Kamis 19 Aug 2021 17:05 WIB

Vaksinasi Semua Siswa Dahulu, Sekolah Tatap Muka Kemudian

Jokowi persilakan sekolah gelar pembelajaran tatap muka setelah semua siswa divaksin.

Siswa mengikuti kegiatan belajar mengajar saat pemberlakuan pembelajaran tatap muka (PTM) dengan penerapan kapasitas siswa masuk kelas sebanyak 25 persen di UPT SMPN 1 Kanigoro Blitar, Jawa Timur, Kamis (19/8/2021). Pemkab Blitar mulai melakukan ujicoba PTM pada sekolah tingkat TK sebanyak 10 persen, SD sebanyak 60 persen, dan SMP sebanyak 30 persen dari total jumlah sekolah diwilayahnya dengan penerapan protokol kesehatan ketat, setelah daerah tersebut ditetapkan menjadi kawasan PPKM Level 3.
Foto:

Kementerian Pendidikan, Kebudayaan, Riset, dan Teknologi (Kemendikbudristek) masih mengumpulkan data sekolah yang melakukan pembelajaran tatap muka (PTM) terbatas. Diperkirakan, pekan depan sudah ada data terbaru dari PTM terbatas di satuan pendidikan seluruh Indonesia.

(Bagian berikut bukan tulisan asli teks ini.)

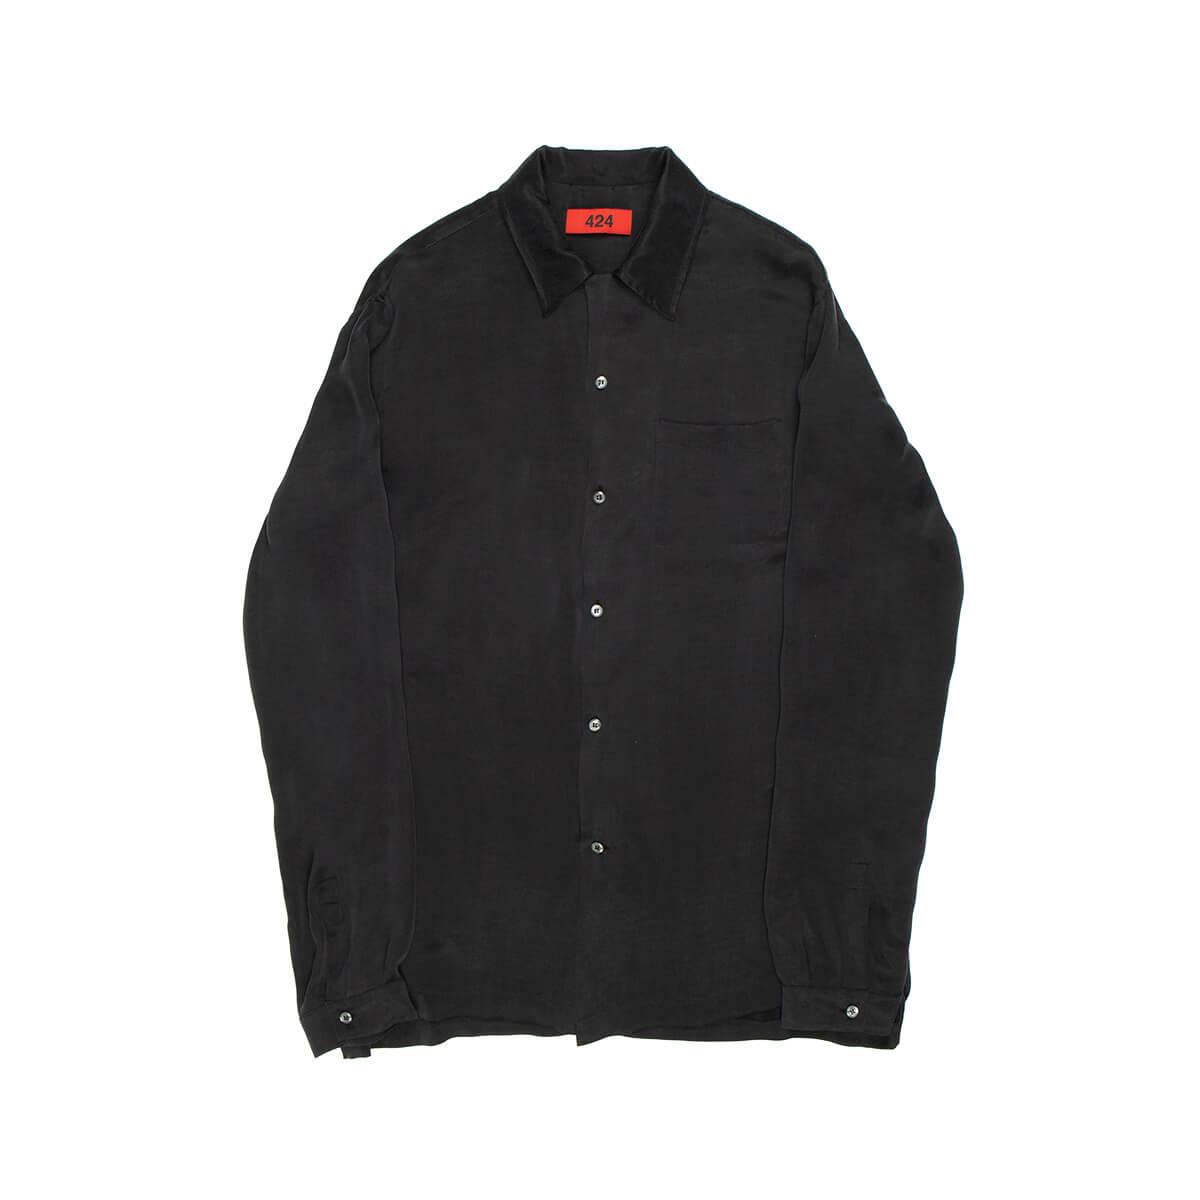 Mimic Shirt

"Daerah-daerah sedang proses untuk PTM jadi data belum ter-update," kata Direktur Jenderal Pendidikan Anak Usia Dini, Pendidikan Dasar, dan Pendidikan Menengah (Dirjen PAUD Dasmen) Kemendikbudristek, Jumeri, dihubungi Republika," Selasa (17/8).

Satuan pendidikan yang berada pada wilayah Pemberlakuan Pembatasan Kegiatan Masyarakat (PPKM) level 1-3 sudah diizinkan melakukan PTM terbatas. Jumeri mengatakan, PTM terbatas harus diiringi dengan mitigasi riisko penularan Covid019 dan edukasi perilaku hidup bersih dan sehat (PHBS).

Pelaksanaan PTM terbatas ataupun pembelajaran jarak jauh (PJJ) wajib mengacu pada SKB Empat Menteri tentang Panduan Penyelenggaraan Pembelajaran di Masa Pandemi Covid-19. Selain itu, PTM terbatas juga dilaksanakan dengan mengacu pada Instruksi Menteri Dalam Negeri tentang PPKM.

"Pemberlakuan PPKM bersifat dinamis. Bagi daerah yang sudah diperbolehkan menyelenggarakan PTM terbatas, maka dalam pelaksanaannya harus mengedepankan kehati-hatian dan menerapkan protokol kesehatan yang ketat," ujar Jumeri.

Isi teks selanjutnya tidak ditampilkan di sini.